Investigating changelog events further what I found was there are 3 states that the table handles: "state" I only found it here: https://github.com/github/gh-ost/blob/5e953b7e3eb13716e84a9c4017cc8add0648b8d0/go/logic/migrator.go#L544 It is used during the cutover: https://github.com/github/gh-ost/blob/5e953b7e3eb13716e84a9c4017cc8add0648b8d0/go/logic/migrator.go#L587 So after the switch, it should not have any updates. "heartbeat" Since this is async: https://github.com/github/gh-ost/blob/c940a85a28bad68878c5d1622aa7c4e595b35b38/go/logic/applier.go#L312 Which runs in cycles, and I suspect an update from this cycle was still syncing and caused the issue. "throttle" Comes from the throttle checker: https://github.com/github/gh-ost/blob/c07d08f8b58e170da7031624c1a8ec93e705d1c0/go/logic/throttler.go#L435 After cutover, I don't really believe we would get throttled event since the cleanup has happened.

Are my findings of _ghc correct? Next time I know to wait longer fo slave to sync up and empty its events, just wanted to understand problem and possible fix for future.

shlomi-noach commented 3 years ago

In your logs:

2020-09-23 13:02:12 ERROR Error 1146: Table 'table._users_ghc' doesn't exist

This shouldn't happen; I'm not sure how this came to be. Does the problem reproduce?

after it finished, I went to tab with secondary mysql console, did a show tables, and saw that _gho and _ghc files were there. As gh-ost finished and exited successfully I thought that these were left here accidentally so I dropped _ghc table (about 30 seconds after gh-ost finished). On the primary mysql node I only have _users_del table, none of the _ghc or _gho tables.
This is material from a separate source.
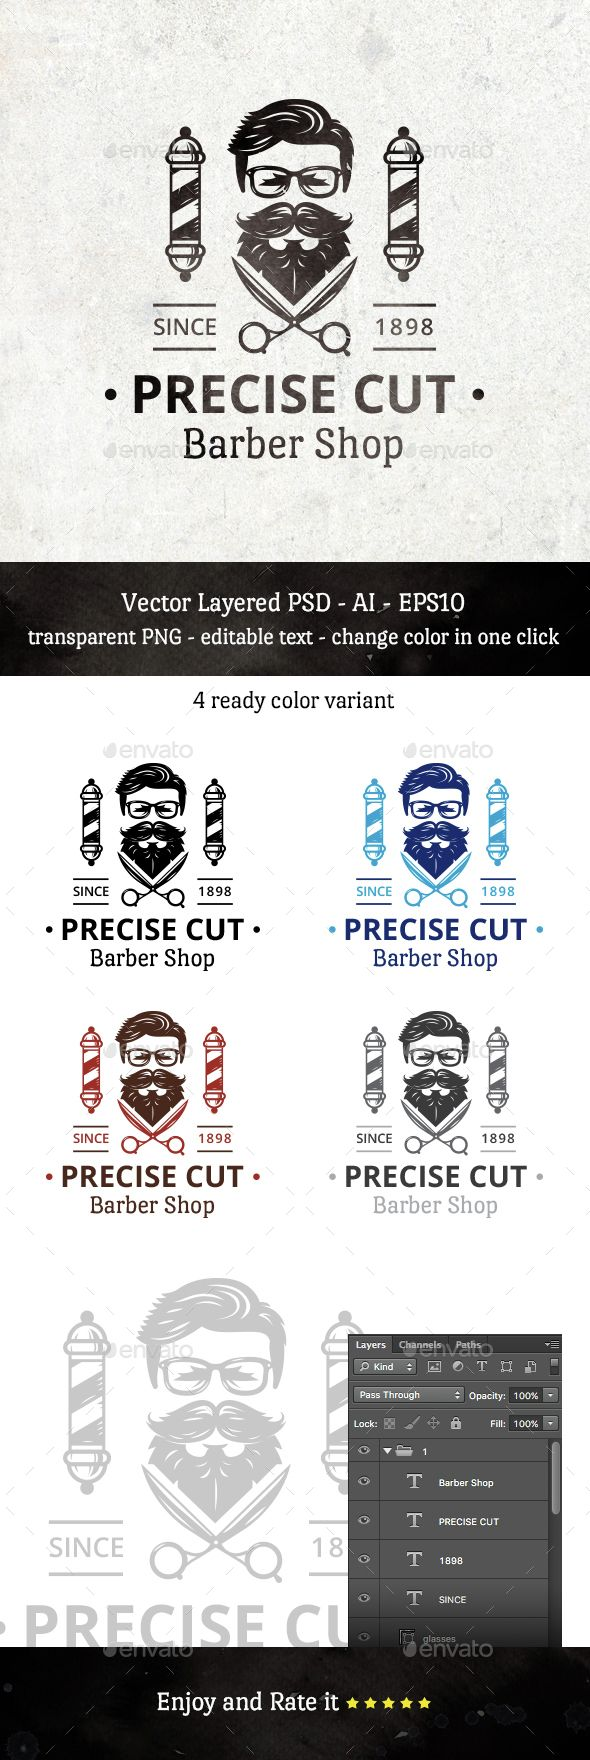 Precise Cut Barber Shop | Friseur, Grafik design und Grafiken

After that slave replication broke with...

At least that part makes some sense: you dropped a table on a replica, and later on replication broke because the primary (master) did have that table, and when you finally dropped the table on the primary, the statement could not replicate because table was not found on the replica. Now, I suspect there may have been a significant replication lag.

I'm not sure I understand your conclusions around deleting rows from _ghc tables. You're deleting rows on the replica, then inserting them again to force replication to recover... Rows on _ghc tables should have nothing to do with the original problem, which is that _users_ghc table could not be found.

Could you please paste your original CLI ocmmand (gh-ost -alter ...) and the full log, which shows which hosts gh-ost identifies as replica & master?